LlamaIndex Workflows: Event-Driven AI Pipelines

#llamaindex #workflows #event-driven #pipeline #async #production

What Are LlamaIndex Workflows?

LlamaIndex Workflows are an event-driven orchestration system introduced in LlamaIndex 0.10+. They let you compose complex multi-step AI pipelines where each step is triggered by events from previous steps.

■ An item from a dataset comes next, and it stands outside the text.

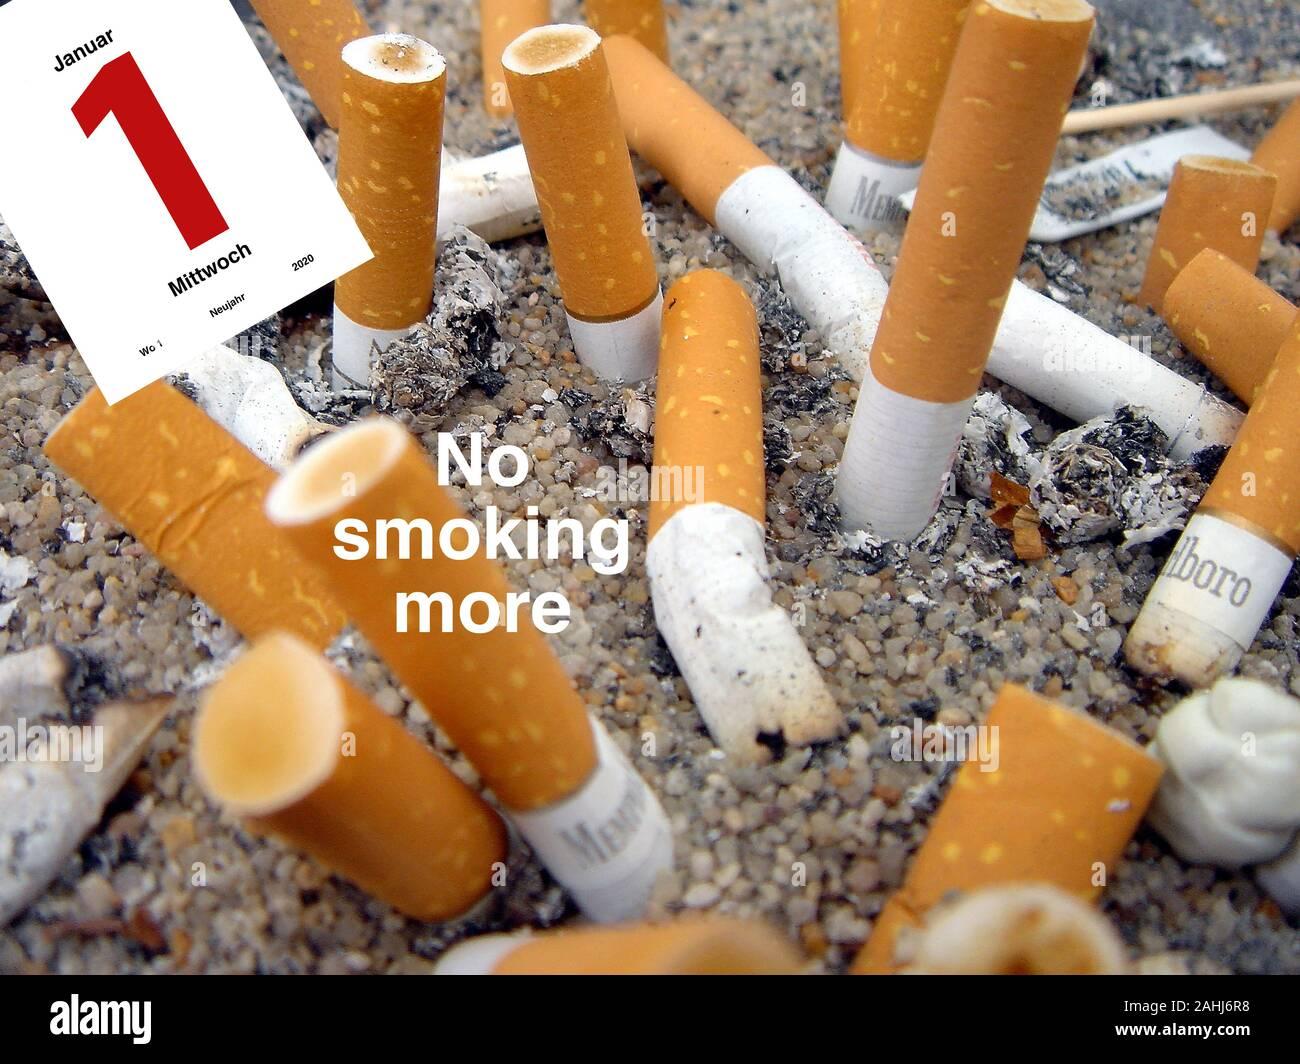 Zigarettenstummel, Aschenbecher, Zigaretten, Raucher, Asche, Vorsätze für 2020, mit dem Rauchen aufhören, Stock Photo

Unlike a simple chain (step1 | step2 | step3), workflows support:

  • Branching — different paths based on conditions
  • Loops — repeat steps until a condition is met
  • Parallelism — run independent steps concurrently
  • State management — share data between all steps
  • Streaming — emit intermediate results to the caller

Core Concepts

A Workflow consists of:

  • Steps (@step methods) — individual processing units
  • Events — typed messages that trigger steps
  • Context — shared state accessible by all steps
  • StartEvent — the entry point
  • StopEvent — the final output
from llama_index.core.workflow import (
    Workflow,
    step,
    Event,
    Context,
    StartEvent,
    StopEvent,
)

Your First Workflow

from llama_index.core.workflow import Workflow, step, Event, Context, StartEvent, StopEvent
from llama_index.llms.openai import OpenAI
import asyncio

class QueryEvent(Event):
    query: str

class AnswerEvent(Event):
    answer: str

class SimpleRAGWorkflow(Workflow):

    @step
    async def retrieve(self, ctx: Context, ev: StartEvent) -> QueryEvent:
        """Step 1: store the query and pass it forward."""
        await ctx.set("query", ev.get("query"))
        return QueryEvent(query=ev.get("query"))

    @step
    async def generate(self, ctx: Context, ev: QueryEvent) -> StopEvent:
        """Step 2: generate an answer."""
        query = ev.query
        llm = OpenAI(model="gpt-4o-mini")
        response = await llm.acomplete(f"Answer this question: {query}")
        return StopEvent(result=str(response))

# Run the workflow
async def main():
    workflow = SimpleRAGWorkflow(timeout=60, verbose=True)
    result = await workflow.run(query="What is retrieval-augmented generation?")
    print(result)

asyncio.run(main())

Real RAG Workflow: Retrieve → Rerank → Synthesize

from llama_index.core.workflow import Workflow, step, Event, Context, StartEvent, StopEvent
from llama_index.core import VectorStoreIndex, SimpleDirectoryReader, Settings
from llama_index.llms.openai import OpenAI
from llama_index.embeddings.openai import OpenAIEmbedding
from llama_index.core.postprocessor import SentenceTransformerRerank
from pydantic import Field
from typing import List
import asyncio

Settings.llm = OpenAI(model="gpt-4o-mini")
Settings.embed_model = OpenAIEmbedding(model="text-embedding-3-small")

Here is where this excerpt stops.